Enumeration of associative magic squares of order 7

TL;DR

This paper calculates the total number of associative magic squares of order 7, revealing an enormous count of over one quadrillion, quadrillion, quadrillion, quadrillion, quadrillion, quadrillion, quadrillion, with implications for combinatorial enumeration.

Contribution

The paper introduces a novel enumeration method for associative magic squares of order 7 based on Ripatti's semi-magic squares approach, providing the first exact count.

Findings

Total associative magic squares of order 7: 1,125,154,039,419,854,784

Method extends Ripatti's enumeration of semi-magic squares

Results exclude symmetric patterns

Abstract

An associative magic square is a magic square such that the sum of any 2 cells at symmetric positions with respect to the center is constant. The total number of associative magic squares of order 7 is enormous, and thus, it is not realistic to obtain the number by simple backtracking.

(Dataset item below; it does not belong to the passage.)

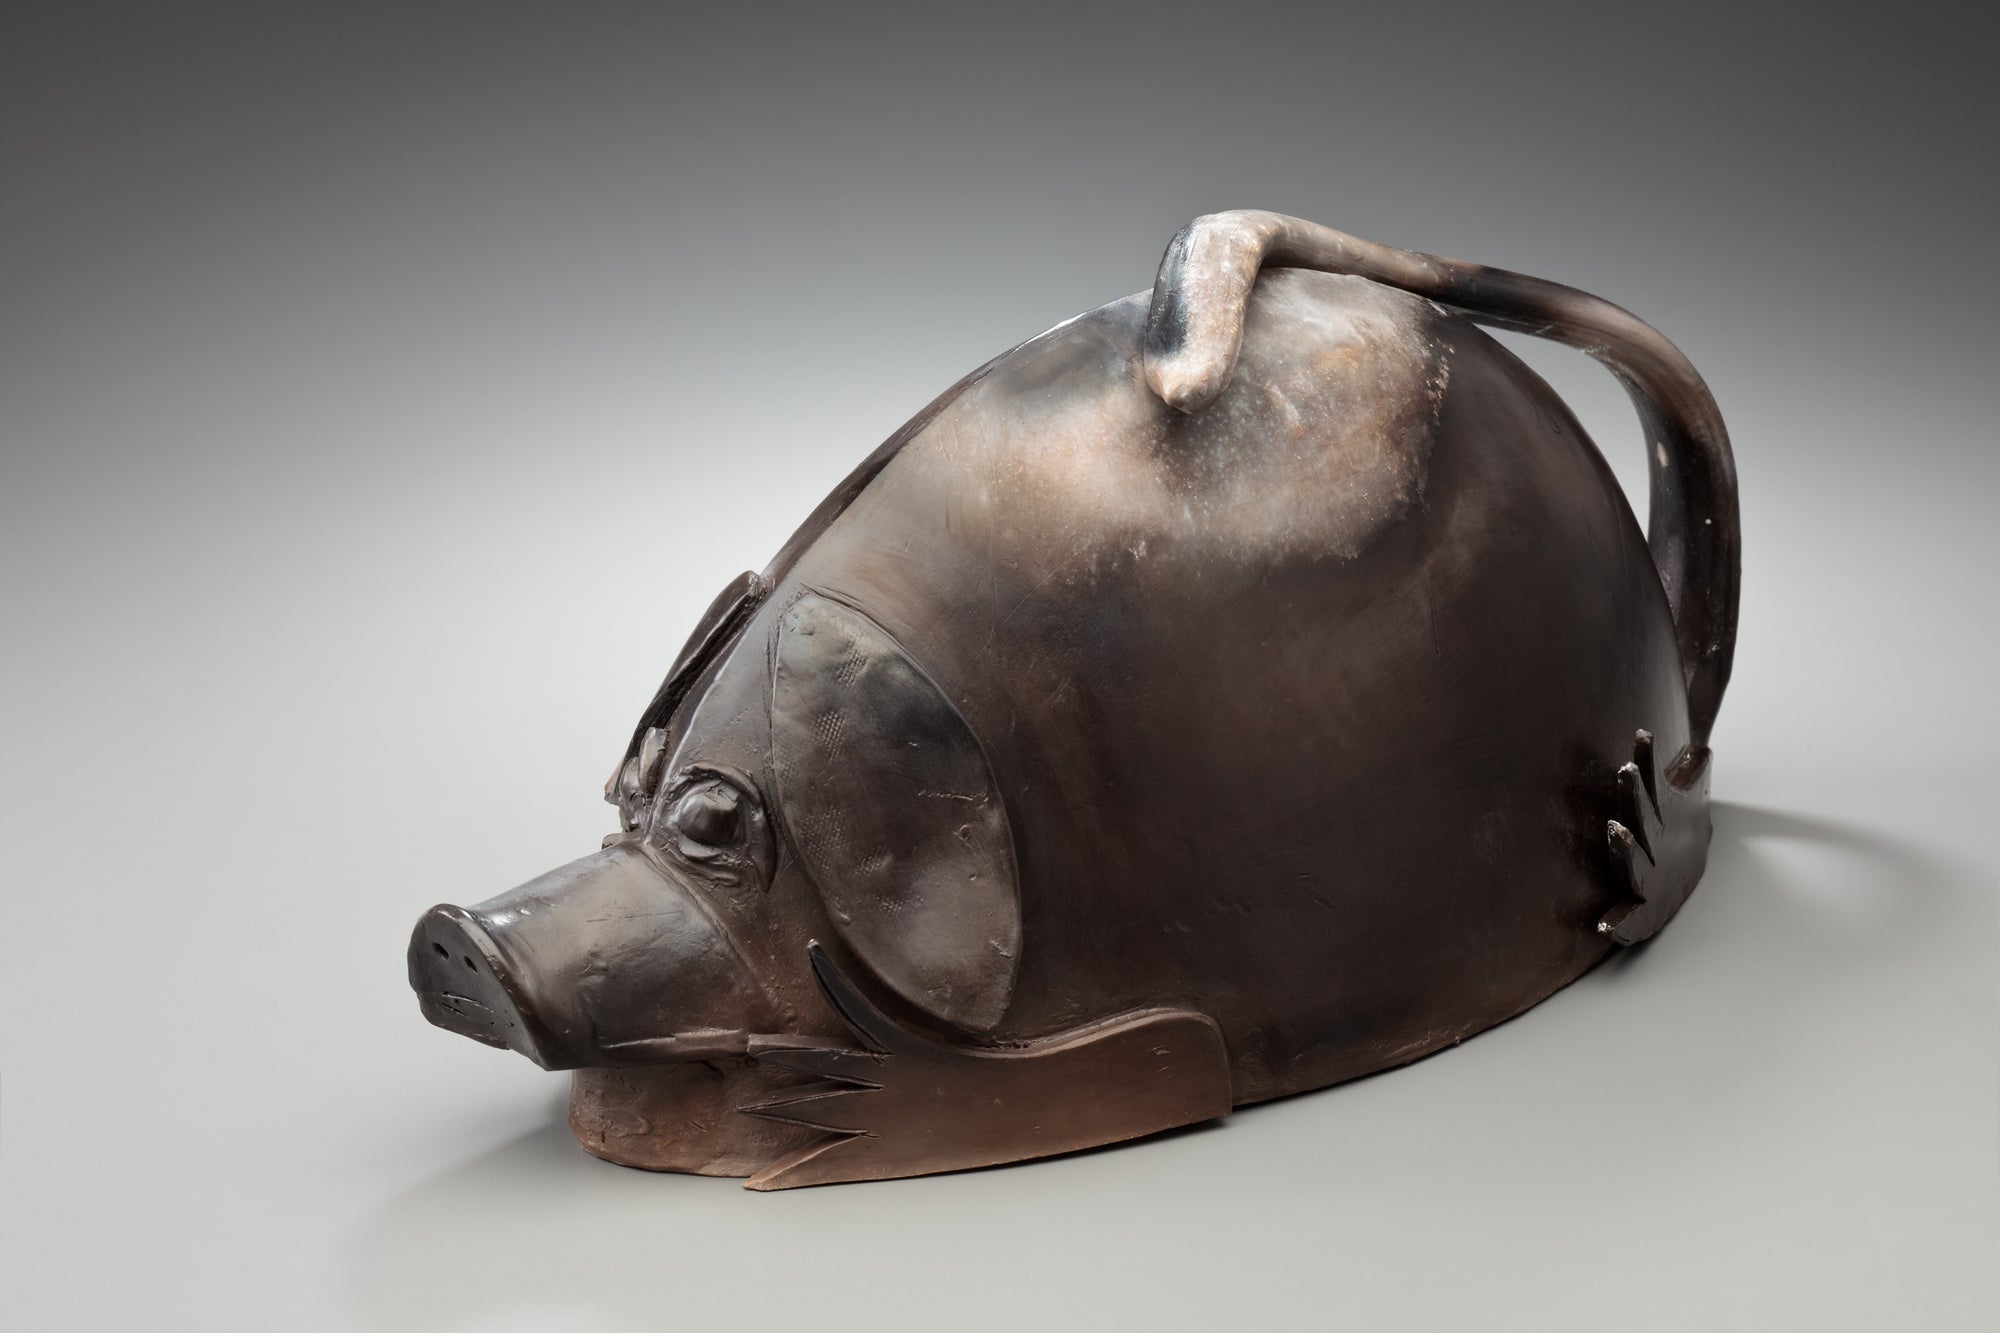 Piggydork by Judy Weeden

As a recent result, Artem Ripatti reported the number of semi-magic squares of order 6 (the magic squares of 6x6 without diagonal sum conditions) in 2018. In this research, with reference to Ripatti's method of enumerating semi-magic squares, we have calculated the total number of associative magic squares of order 7. There are exactly 1,125,154,039,419,854,784 associative magic squares of order 7, excluding symmetric patterns.